*** RECORDS FOR THE TASK Section Begins ***

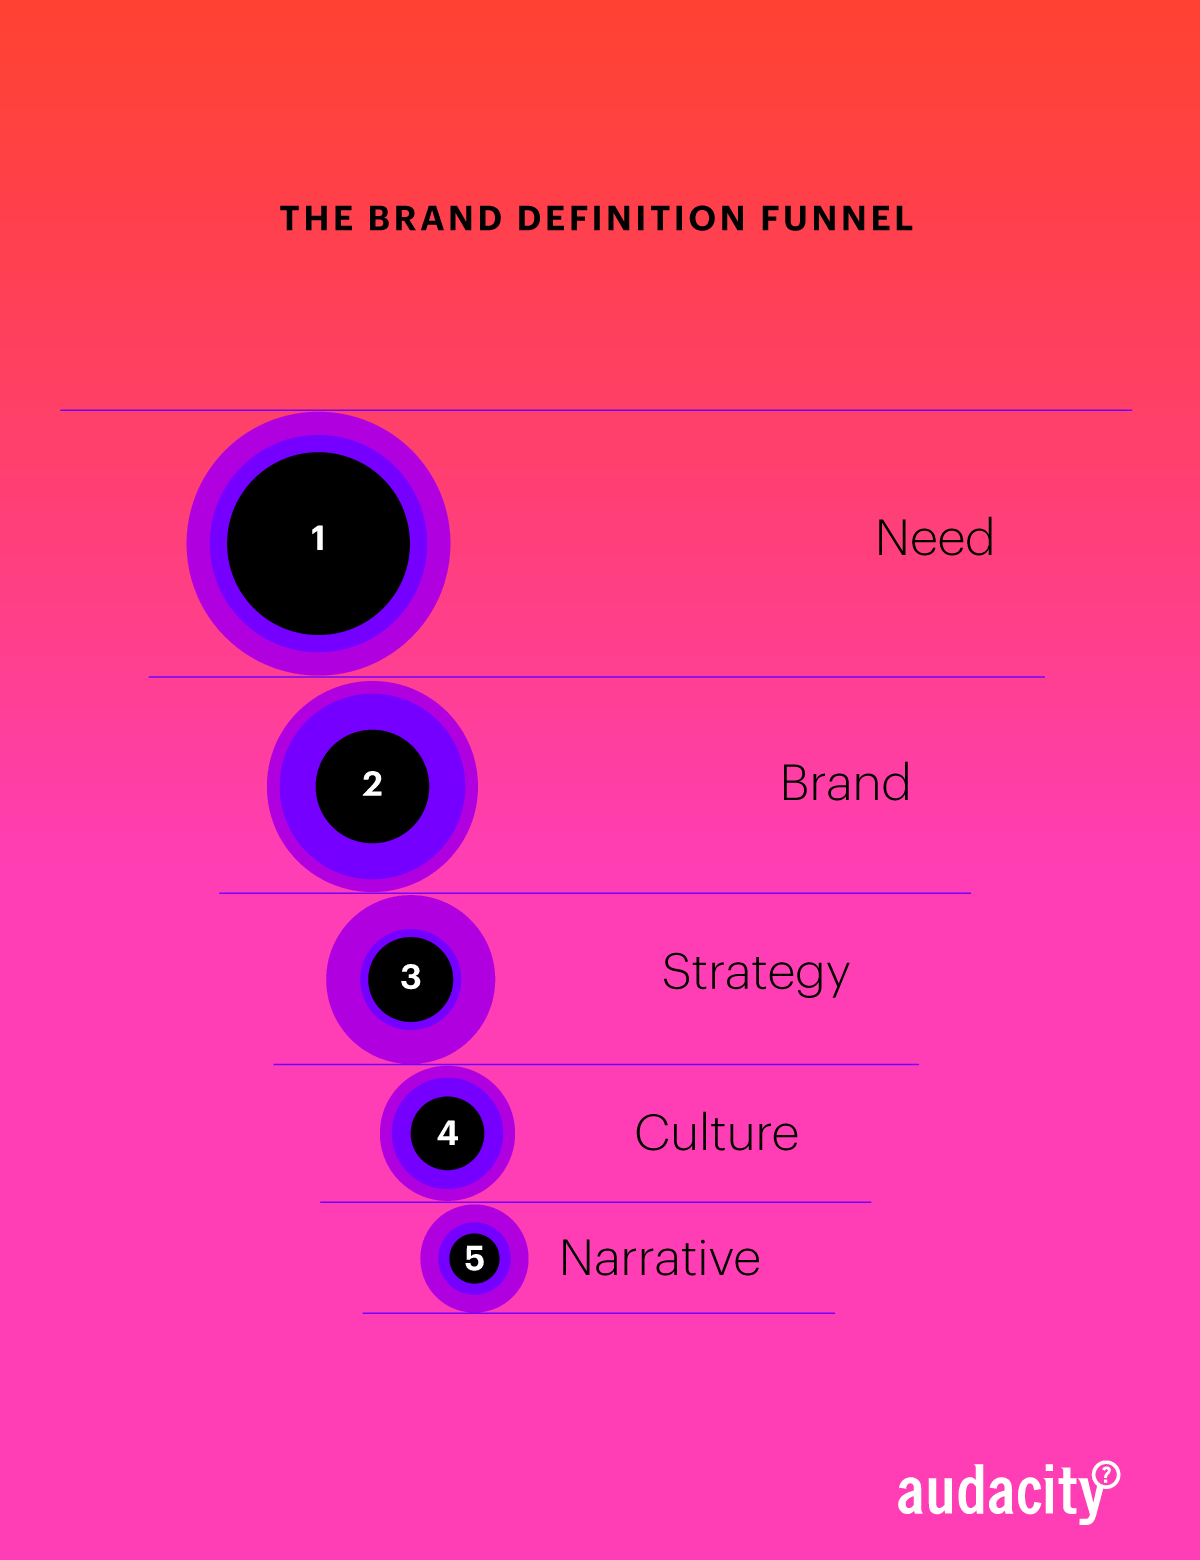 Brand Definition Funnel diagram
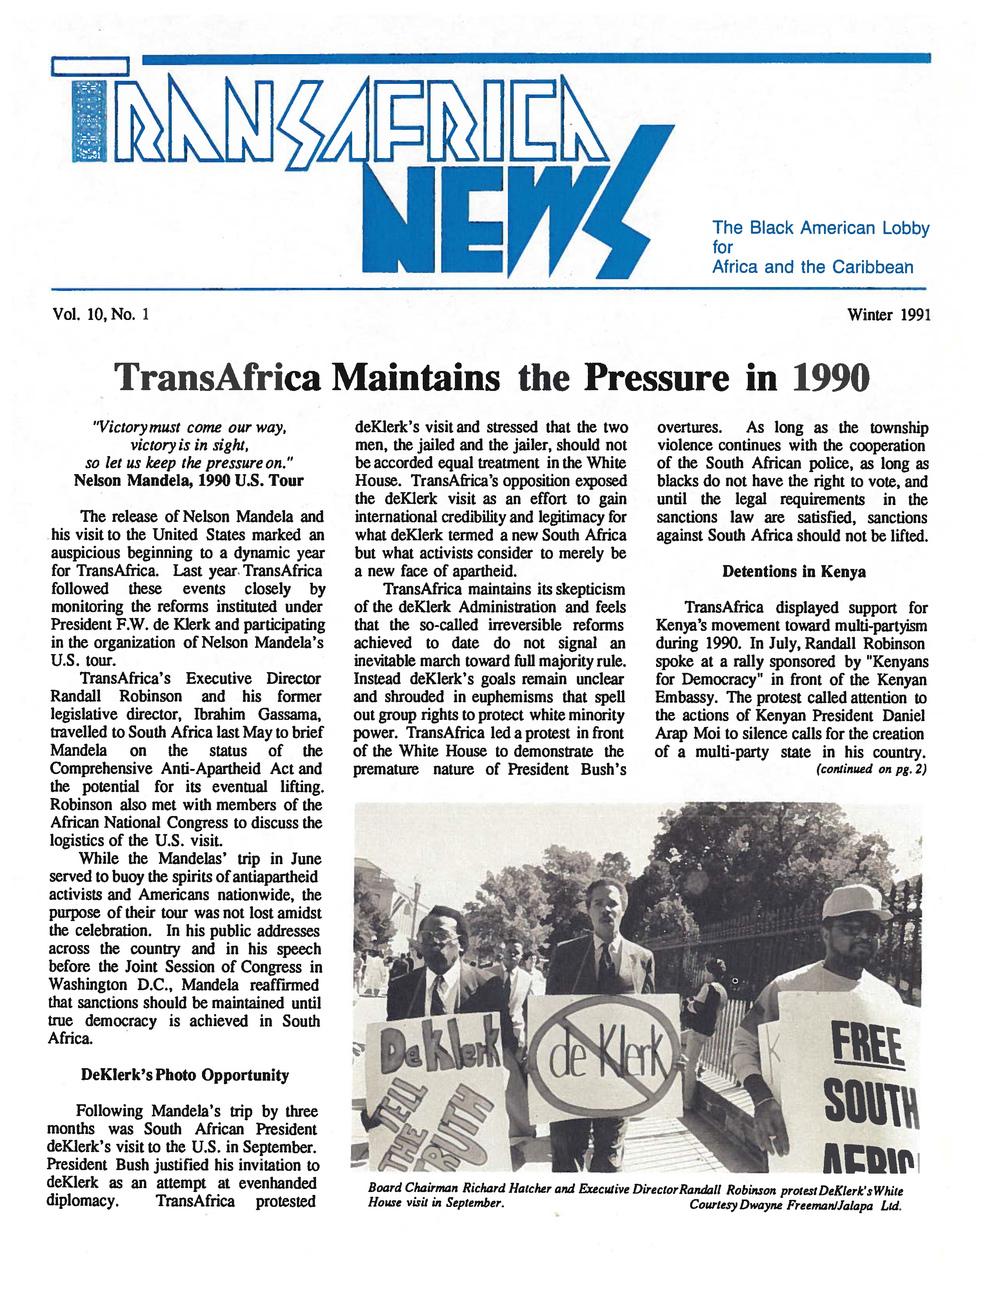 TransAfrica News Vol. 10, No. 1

*** RECORDS FOR THE TASK Section Ends ***
*** RECORDS FOR THE TASK Section Begins ***

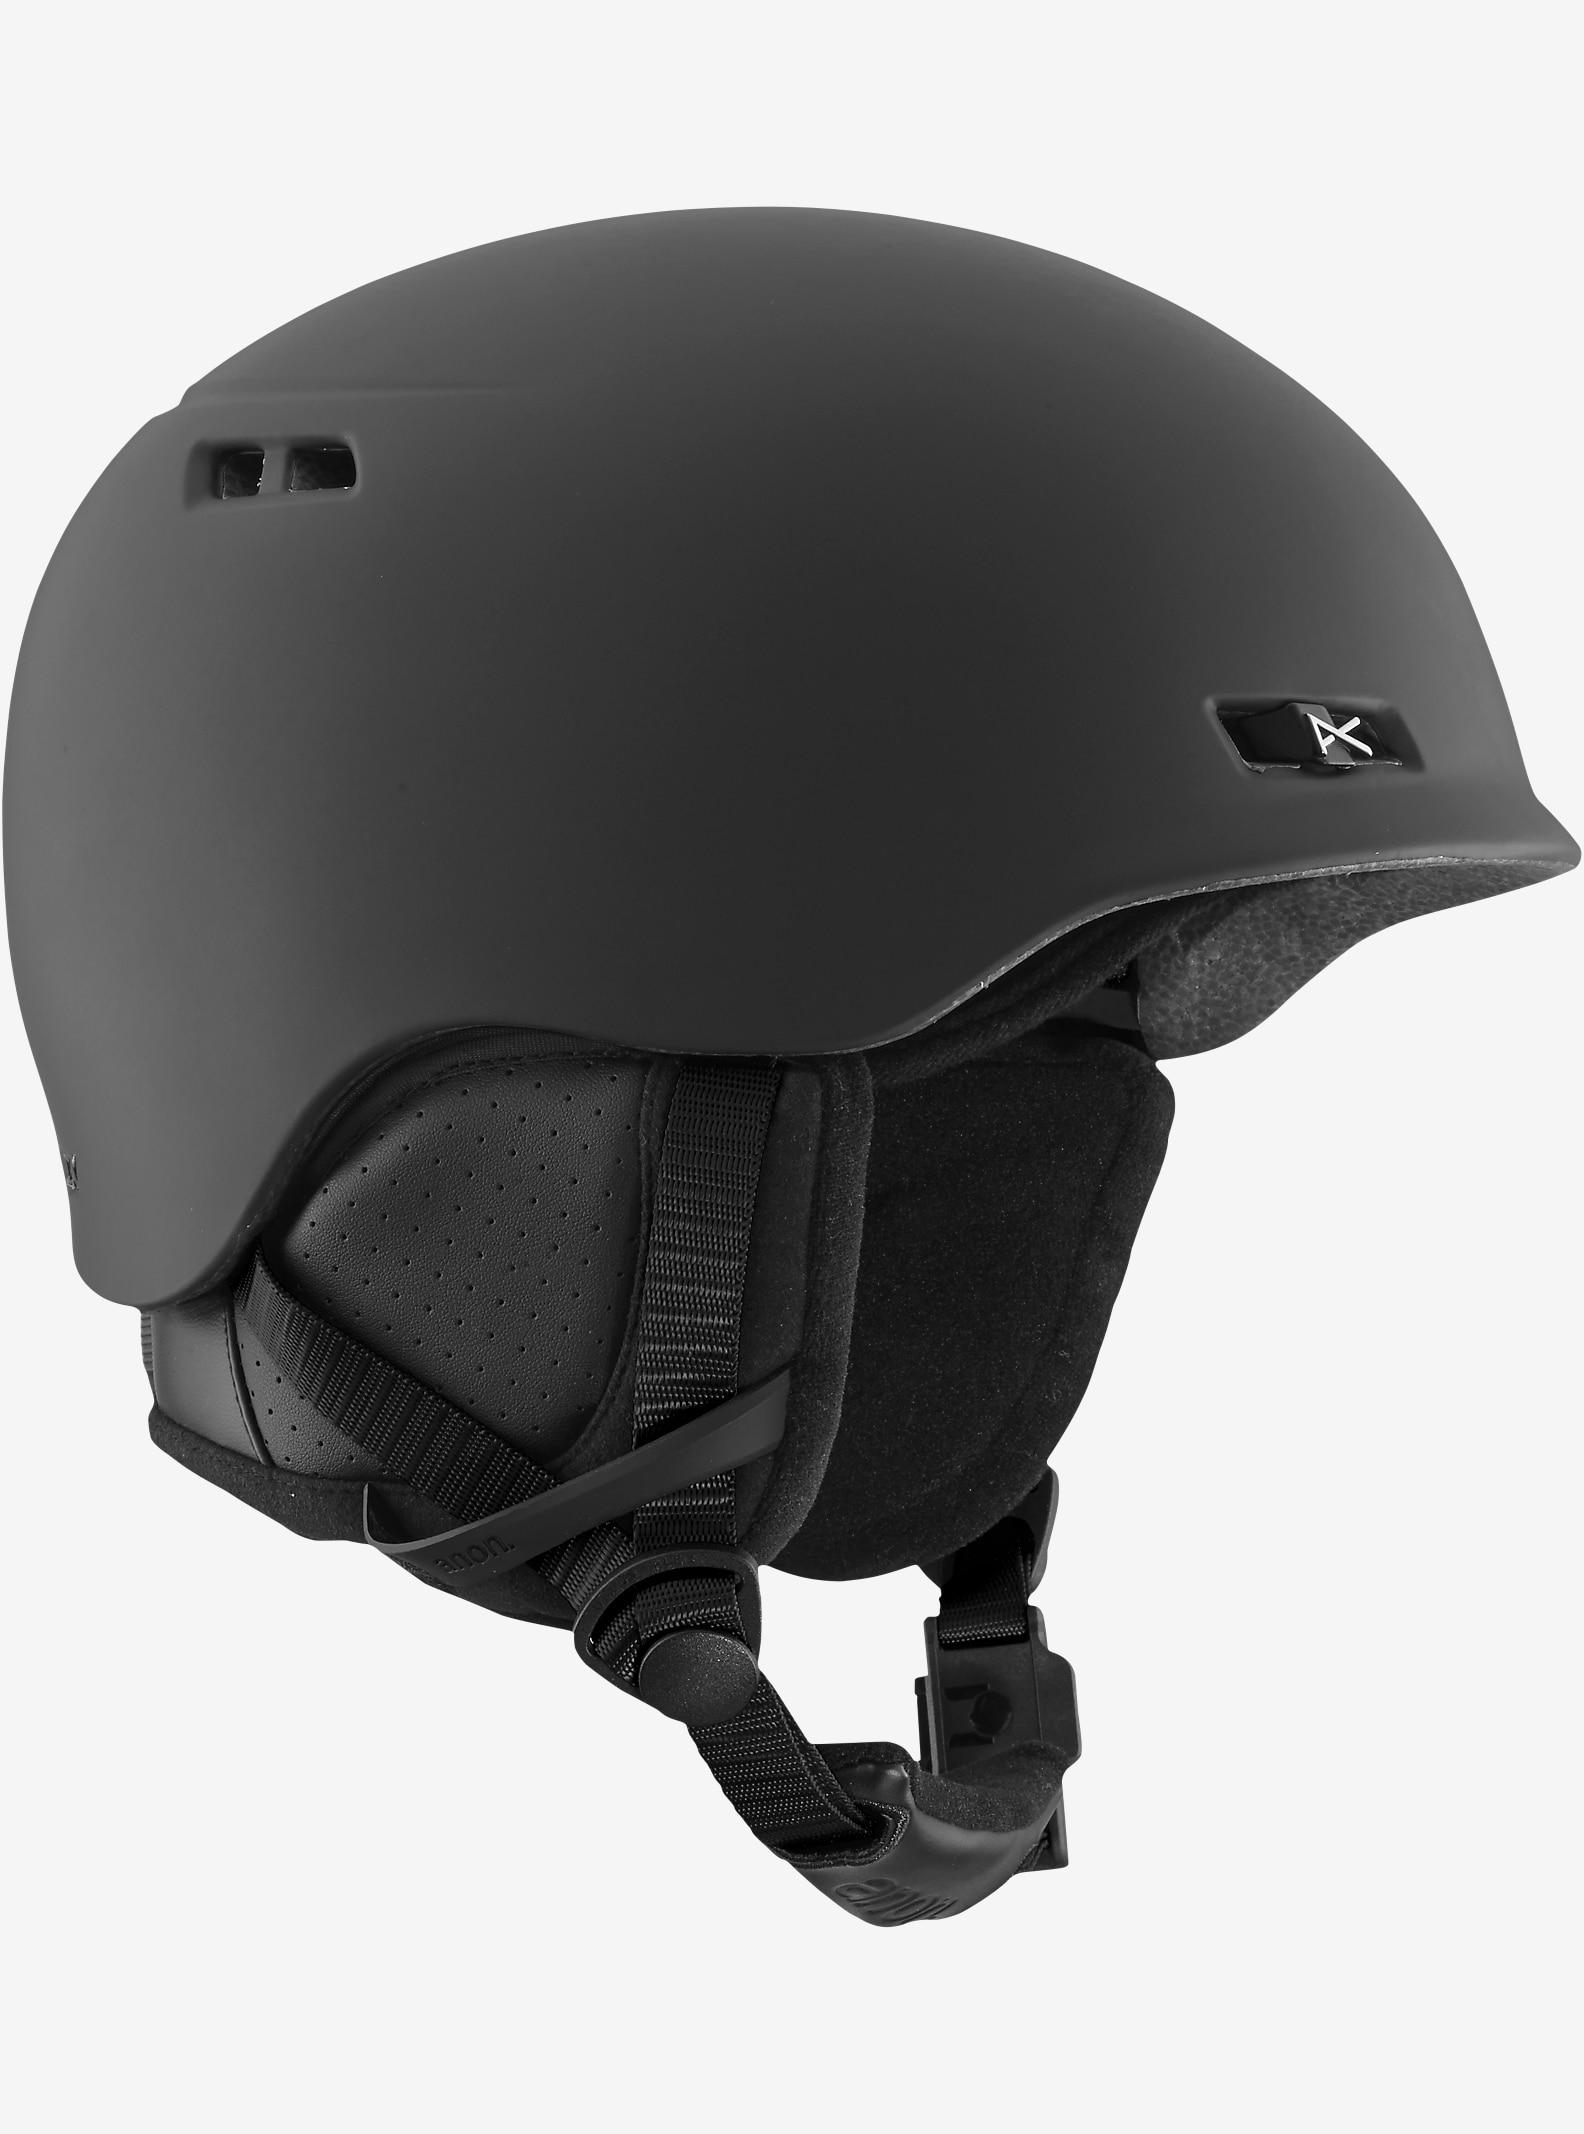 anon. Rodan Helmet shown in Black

*** RECORDS FOR THE TASK Section Ends ***
*** RECORDS FOR THE TASK Section Begins ***

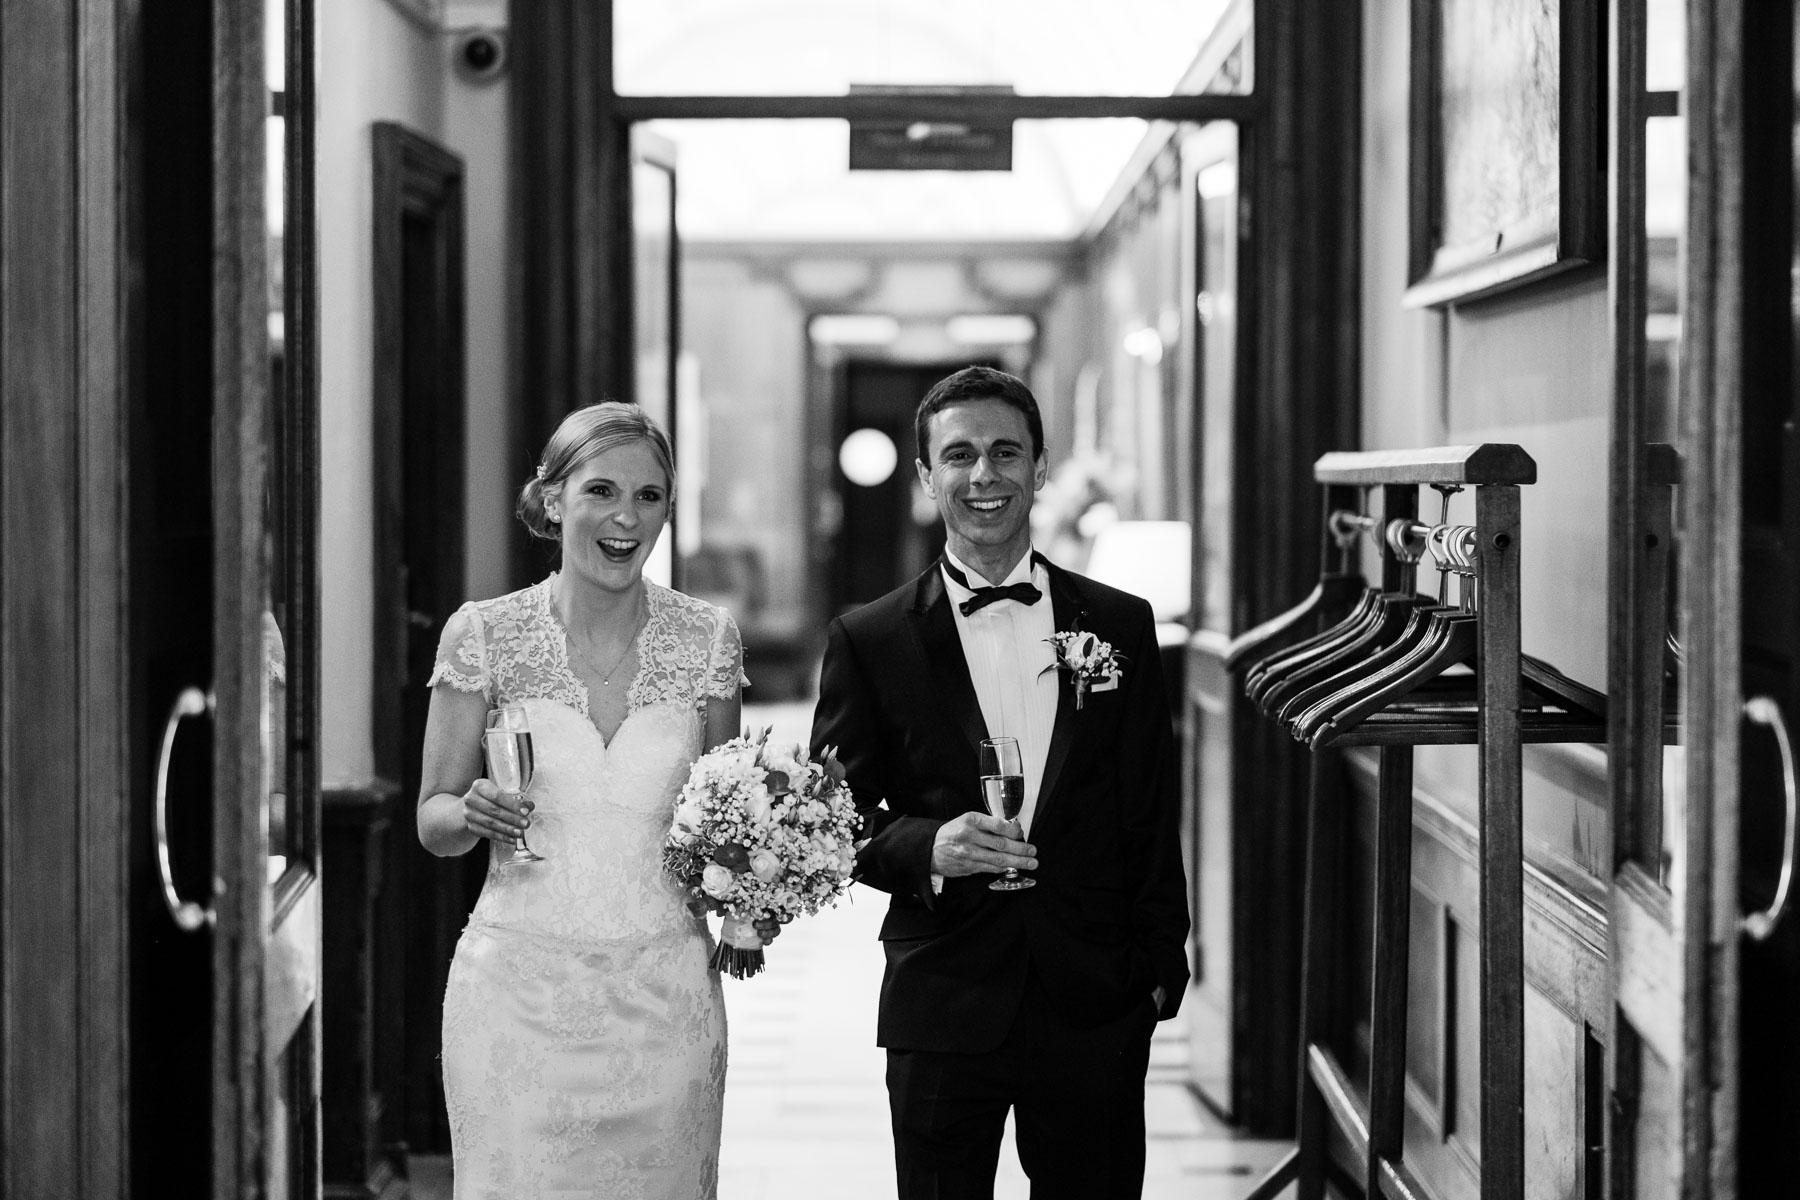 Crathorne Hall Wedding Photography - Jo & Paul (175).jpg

*** RECORDS FOR THE TASK Section Ends ***

**DESCRIPTION OF THE TASK**
What is needed is an exact copy of the lines above from the one with "Brand Definition Funnel diagram" to the one with "TransAfrica News Vol. 10, No. 1", both ends kept, and nothing more; please leave the pictures out.

**EXERCISE RESPONSE**
 Brand Definition Funnel diagram
 TransAfrica News Vol. 10, No. 1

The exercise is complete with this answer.